If you think a charge is incorrect and you know the providers, call them to ask about it. This may help you better understand the services or supplies you got. Or, your provider may realize a billing error was made and correct it immediately. If you’ve contacted the provider and you suspect that Medicare is being charged for a service or supply you didn’t get, or you don’t know the provider on the claim, contact the concerned regulatory authority and let the matter be handled by them.
Some of the precautions the insured needs to take include:
· The insured should claim information in detail for any free treatment that features no out-of-pocket expenses or no deductibles
· One should read the benefits and billing statements to ensure that one has actually received treatments that were paid for, and report any apparent discrepancies to the concerned authority
· One should never give health insurance details to anyone unless absolutely necessary
· When one comes across any fraudulent practices by doctors, patients, nurses, pharmacist, providers etc, even if not involved in it, one should inform the authority immediately
· The member should disclose all illnesses at the time of taking the policy. This may amount to a bit extra premium, but will bring more peace at the time of claim
· The providers need to avoid fraudulent practice and intimate insurance companies if any beneficiaries approach them for fabricating a false claim. It’s a social & ethical commitment of the hospitals
· Use of electronic medical records will prevent manipulating/tampering with the patients’ medical history and other details
Conclusively, fraud risk poses a very big challenge for the insurance sector.
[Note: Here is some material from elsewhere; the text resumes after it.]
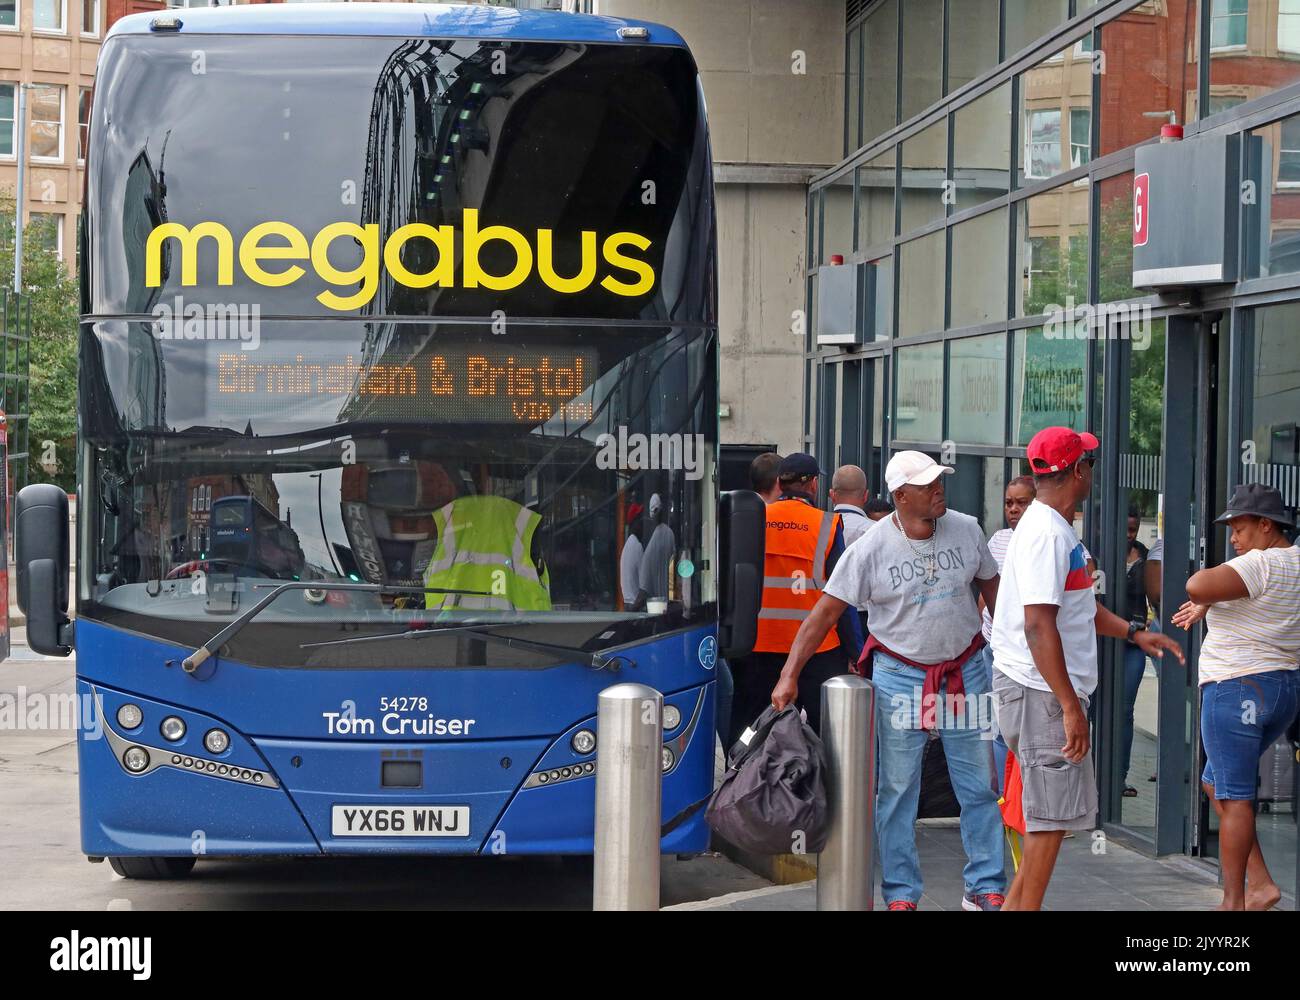 Megabus to Bristol , in Shudehill bus station and interchange, Manchester, England, UK, M4 2AF, Tom Cruiser , YX66 WNJ Stock Photo

Business leaders are aware of the need to address this risk, but the lack of a comprehensive and integrated approach continues to be a concern. The first step to deal with the impending issues is to bring together stakeholders in the industry to acknowledge and address common concerns. The increasing number of frauds and the growing degree of risk necessitates that insurance companies regularly review their policies, build in checks and use new & advanced technology to avoid such issues. However, no system can be foolproof, but a proactive and dynamic approach can make insurance companies ready to counter fraudsters.